Schmitz was convicted of second-degree murder and sentenced to 25-50 years in prison.

But the Amedures tried to exact a measure of satisfaction from the show and its media giant distributor, Warner Bros.

For four years, Fieger and attorneys for the show battled to see if the case would even go forward. The key issue was whether the show had a duty to protect Scott three days after the show. Was it reasonably foreseeable that Schmitz would kill Scott because of the show?

The show said no.

But the Court of Appeals and the Supreme Court - in pretrial rulings - seemed content to let the case proceed to trial and to a jury.

"The panel that denied leave said, 'This isn't even close,' or they wouldn't have let this go to trial," said Johnson, who worked on the case for a year and a half before trial.

"Do you think they would have let this go to trial?"

In a 2-1 decision, the appellate court struck down the award.

Johnson and Fieger contend that only after the verdict came in did a different appeals court panel take an interest in case.

Attorney James P. Feeney,who represented the show, said the appeals court frequently turns down pretrial challenges without ruling on the merits of the claim.

The appeals court and its boss did exactly what it should have done, Feeney said.

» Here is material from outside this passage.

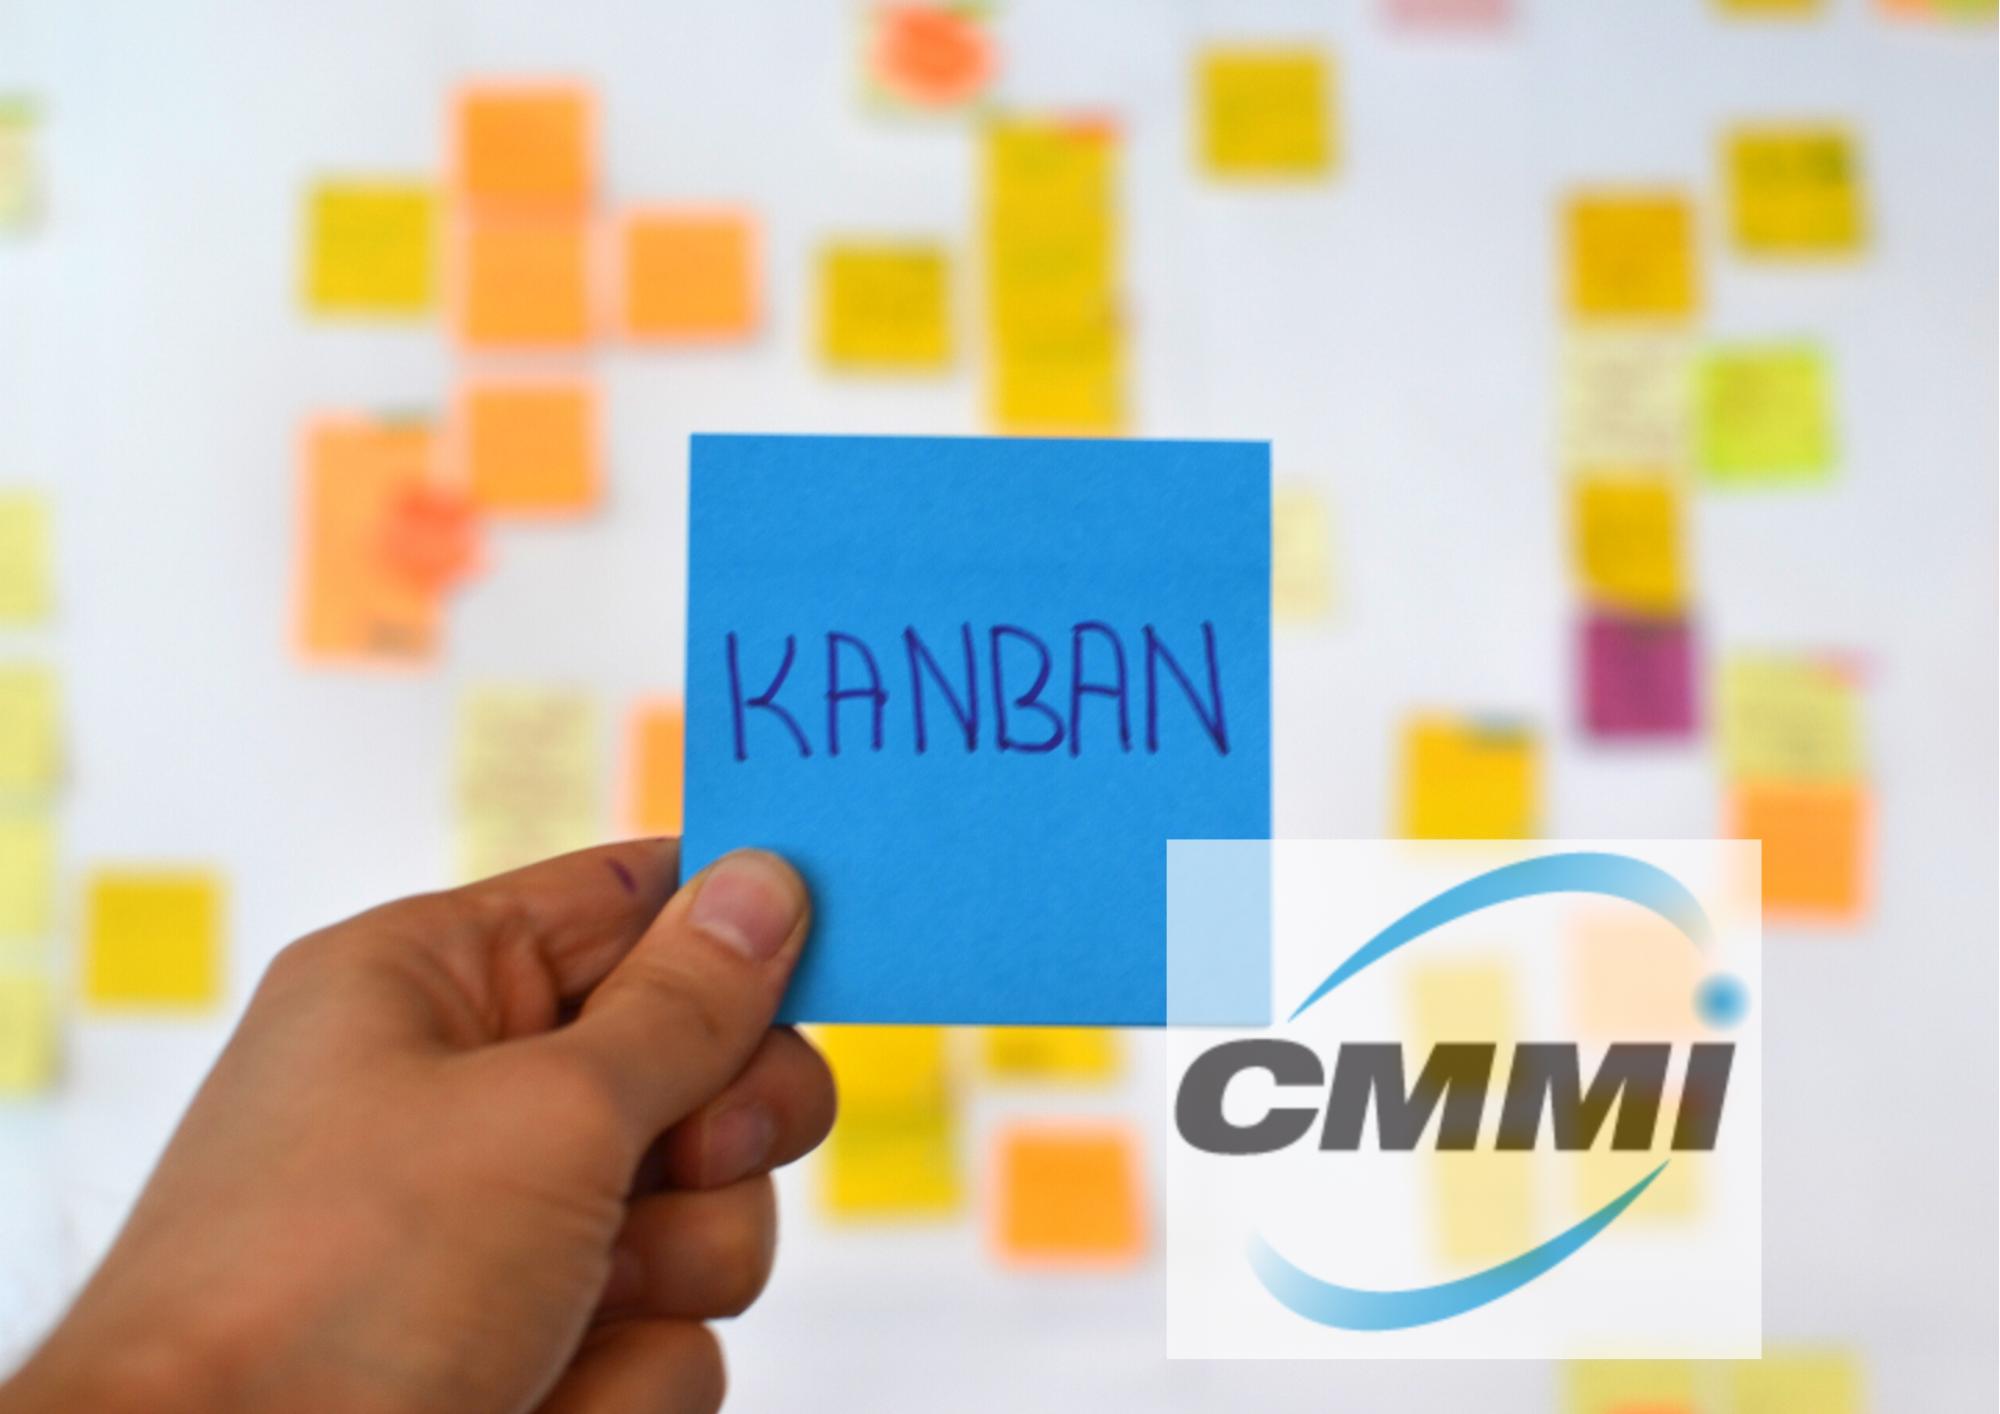 Imagen Kanban y CMMI

Fieger's firm was left withlittle more than the taste of a monstrous legal bill it ate for the Amedure's case.

The Amedures have nothing but an aching bitterness and wonderment about whether they really got their day in court.

"You have a right to a jury trial - or do you?" Johnson said. "They are disappointed and let down by the entire judicial system. They feel like they've been victimized a second time."